In terms of oil sands mining, Canadian Natural Resources Ltd continues to advance engineering work on expansions at its Horizon Mine and Upgrader. These include a 40,000 bpd to 50,000 bpd paraffinic froth treatment (PFT) expansion—which would leverage excess capacity in the ore preparation process to produce diluted bitumen—as well as upgrader reliability improvements that could yield an incremental 35,000 bpd to 45,000 bpd of synthetic crude oil (SCO). Similarly, Imperial revised the development concept for Phase 3 of its Kearl mining project, halving design capacity to 40,000 bpd through enhanced mine planning with minimal infrastructure additions. These optimizations have significantly lowered civil costs, and will allow the project to be funded at a fraction of the $11 billion spent on Kearl’s Phase 2 development.
Such optimizations have had a very concrete effect on oil sands development breakeven prices, which we believe have declined by at least 35% over the past three years. In terms of projects to be sanctioned in the near-term, Rystad Energy estimates an average WTI equivalent breakeven price of around $46 per barrel for thermal FIDs over the next five years, with mining FIDs clocking in at about $53 per barrel during the same period. Amongst phases with the greatest chance of FID before 2025, we estimate that more than 55% of sanctionable resources—or about 2.4 billion barrels—can be developed at a go-forward WTI equivalent price of less than $50 per barrel. This assumes a longer-term WTI-WCS differential ranging between $11 and $17 per barrel.

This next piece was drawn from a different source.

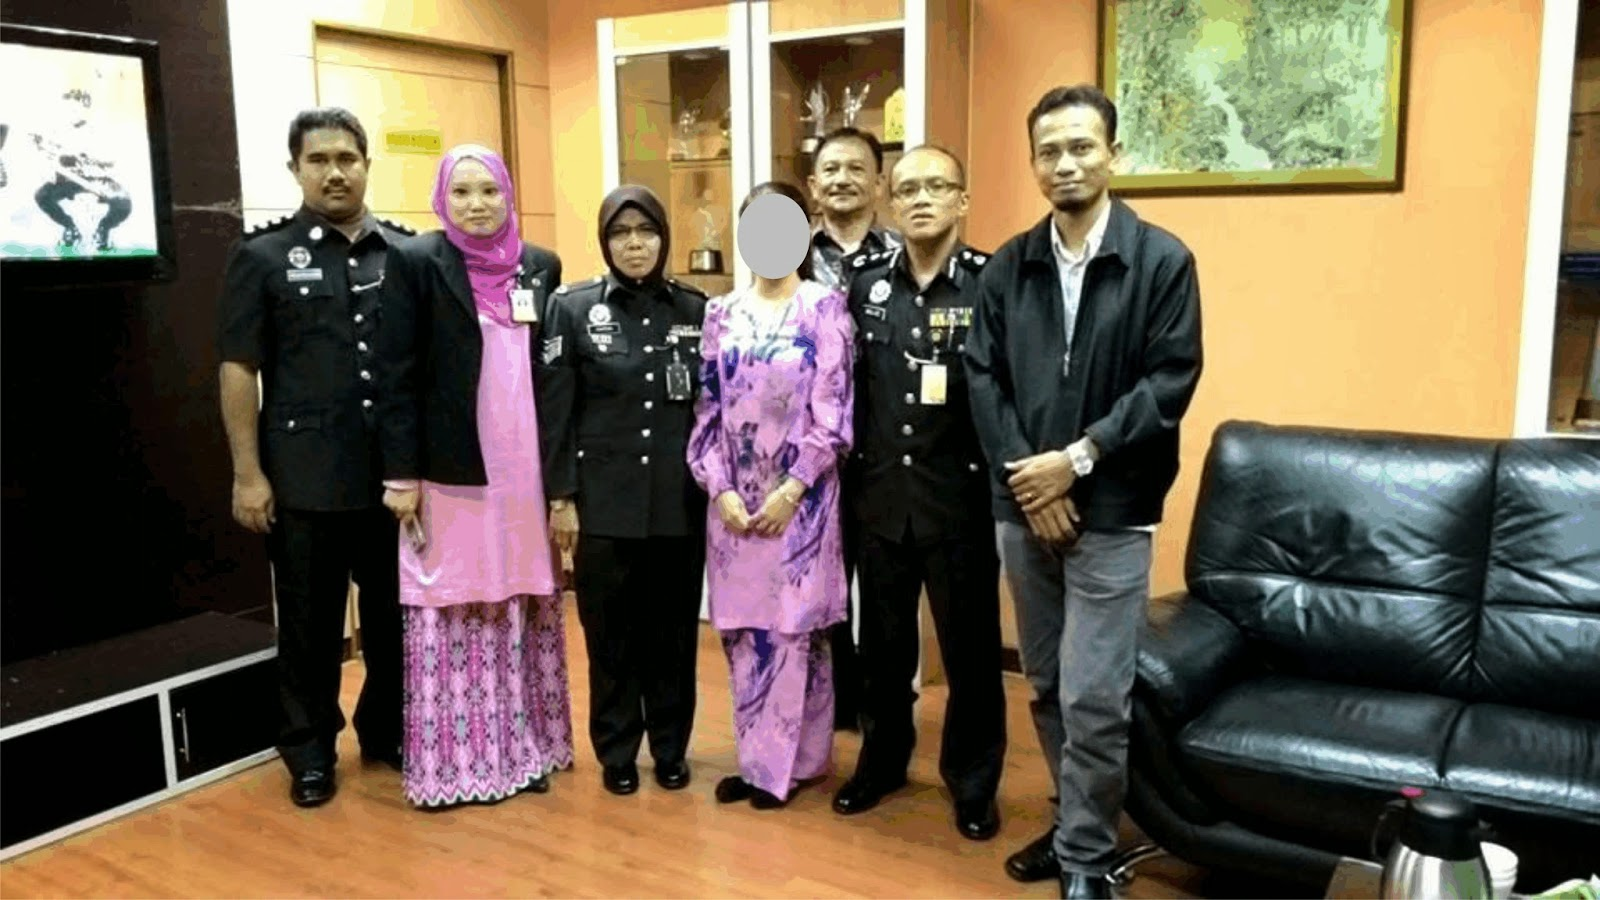 Wanita Hari Ini (WHI-TV3), TKPj Abdul Aziz Mohamad, KIP Kasim Sharif, Khir Khalid

The main impediments for oil sands expansion remain uncertainty over export capacity and the associated risks for WCS differentials. Many of the expansions in Figure 3 are essentially sanction-ready, albeit hindered by market access for the time being. In Mar-19, moreover, Imperial Oil delayed development of its approximately $2 billion greenfield Aspen Phase 1 (75,000 bpd design capacity), citing pipeline issues and the Alberta government’s mandated crude oil and bitumen production curtailments.
Perennially negative press over pipeline capacity notwithstanding, a slew of proposed midstream optimizations could potentially ameliorate export challenges prior to commissioning of major newbuilds such as Keystone XL and/or the Trans Mountain Expansion (TMX). A more optimistic export scenario would hinge on an optimization of Enbridge’s Mainline, which could allow up to 300,000 bpd of incremental export capacity beginning in the early 2020s. Similarly, the potential reversal of the Southern Lights pipeline—which currently moves condensate to Canada from the US Midwest and is operating below capacity—would entail an incremental ~150,000 bpd of export wiggle room closer to 2025 (see Figure 4). While near-term oil sands expenditures are expected to decline by 6% from 2019 to 2021, relieving mid-stream capacity constraints would help service companies realize a potential $28 billion of contracting opportunities in 2030.
In absence of such optimizations—and assuming a delay-riddled commissioning schedule for any major newbuilds—Rystad Energy expects flattish production for Canadian crude in the early 2020s and definitely a tight export situation throughout most of 2020, implying potentially heavier reliance on crude-by-rail exports until 2024-2025.